今回は、塩海苔や焼き海苔などを加工・販売をする江頭一郎商店(佐賀県川副町)代表の下村敬一郎さん(52歳)を取材した。下村さんは、佐賀県で塩海苔加工所を長年営んでいた海苔師・江頭一郎氏(故人、2012年、83歳で死去)の後を継いで、2015年から江頭一郎商店を営む。
同店は、江頭氏の死去でいったんは廃業となった。後継者がいなかったためだ。だが、下村さんは叔父である一郎の「美味しい佐賀海苔を食卓へ」の思いを受け継ぐために、金融機関から準備資金を借り入れ、店を復活させた。
この5年間、家族や親せきの力を合わせ、全国に独自の販売網をつくるなどして、経営に果敢に挑んできた。経営のモットーは、「大企業が参入できないような商品で、オリジナルの海苔加工品や米などの商品を作り、ファンを少しずつ獲得すること」だ。たとえば、塩海苔は佐賀県の素材のみでつくっている。

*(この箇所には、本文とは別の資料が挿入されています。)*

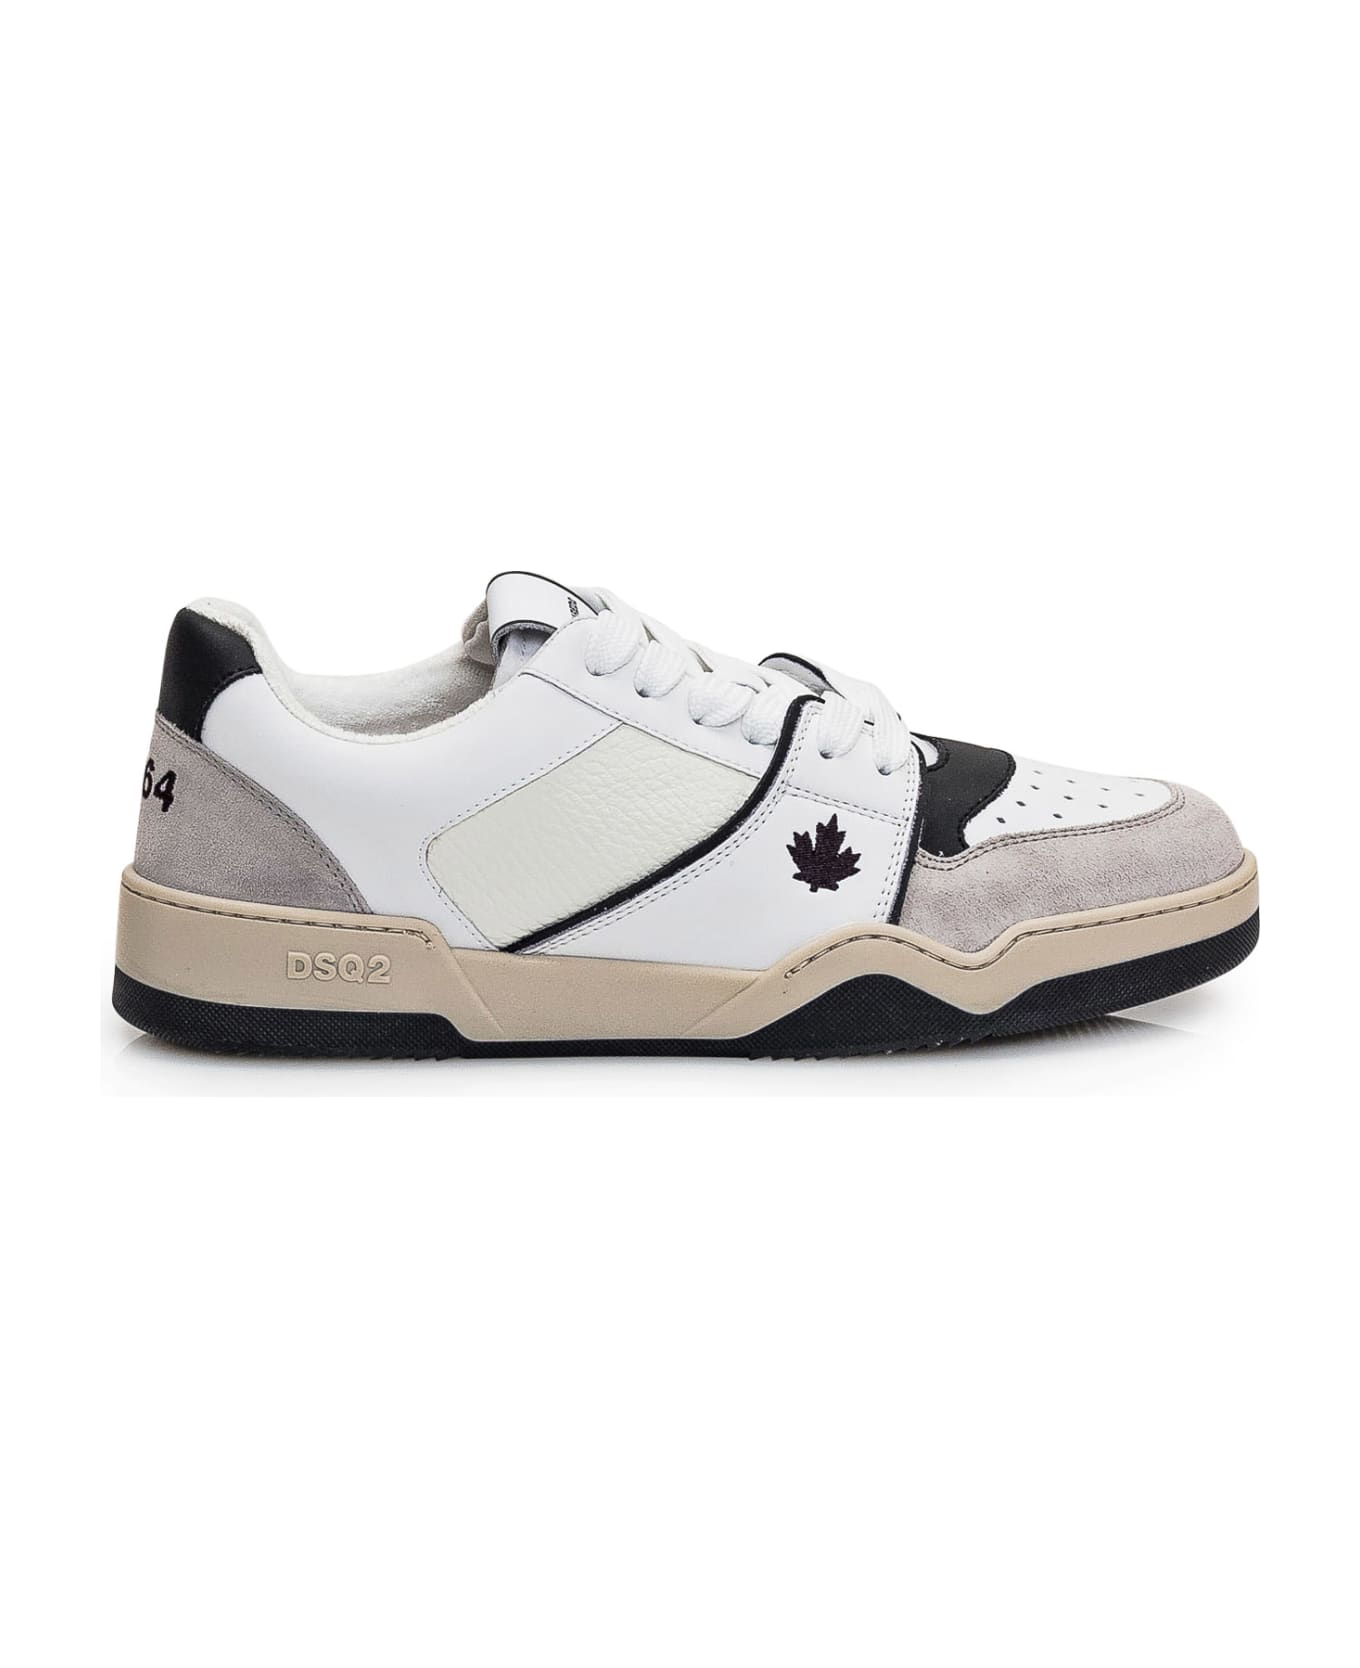 Dsquared2 Spiker Leather Sneakers - white/black

2017年からは、農業(下村ファーム)を営む弟と米や菜種油を共同でつくり、佐賀産としてのこだわりを感じさせる商品にしている。最近は息子を後継者として育成し、次世代に経営をつなぐ試みもする。
江頭一郎さんは、下村さんの妻の叔父だった。夫婦で江頭さんの海苔師としての仕事の誠実でありながらも、厳しい姿勢をそばで見てきた。機会あるごとに、生き方についても教わってきた。亡くなった後、地域の人びとから「江頭一郎商店を復活してほしい」と頼まれた。妻や息子、親戚らと話し合い、経営のリスクを冒してでも、伝統を受け継ぐことが大切と考えた。
下村さんにとって、「使えない上司・部下」とは…。
自分の可能性を信じ、ひたむきに生きていく
「使える、使えない」といった言葉は、もちろん聞いたことがあります。私も20代の頃、友人とパブを共同経営していた際に「あの従業員は戦力になるね」といった意味合いで時々、口にしたことがあります。そこには、10人程の従業員がいました。
皆さんが仕事をまじめにしてくれていましたが、私ともう一人の経営者は、私情をはさまずに黙々と仕事をするタイプを特に高く評価していました。観察していると、こういうタイプは得てして仕事をきちんと覚え、伸びていく傾向があります。この場合の「私情をはさむ」とは、たとえば、「私はこういう性格だから、こんな仕事はできない」と言うようなものです。つまり、割り切りができないタイプですね。自分が置かれている状況やプライベートを必要以上に見せずに、黙々と仕事をする人はいずれ伸びていく傾向があると私は思っています。
「使える」という点で最も印象に強く印象に残っているのは、前職がガソリンスタンドでアルバイトをしていた男性です。私たちの店に勤務しながらも、「ここで、自分は終わらない。いずれは、店を持ちたい」といった思いを強く持っていたようです。自分の可能性をどこまでも信じるタイプに見えました。
接客が上手いとは言えない時期もありましたが、仕事を覚える意欲があり、向上心があるのです。当時、彼は自分が何をして生きていくのか、を見つけ出すことができていなかったのかもしれませんが、「いずれ、成功したい」と信じているようでした。早いうちにお客さんたちから愛され、人気者になりました。働く以上、様々な思いがあったのでしょうが、私情をはさまず、常にお客さんや店のことを考え、行動をしているようでした。
彼も20代で独立し、パブを経営し始めたのです。周囲の同業者が次々と閉店や廃業する中、20年以上も続き、多くのお客さんに慕われたのだと思います。その後、地元の市議会の議員に立候補し、当選し、現在も活躍しています。私情をはさむことなく、仕事を黙々とする性格だから、向いているのではないでしょうか。彼の生き方から、私が学ぶものもありました。自分の可能性を信じ、ひたむきに生きていくのが大切なのだとあらためて思います。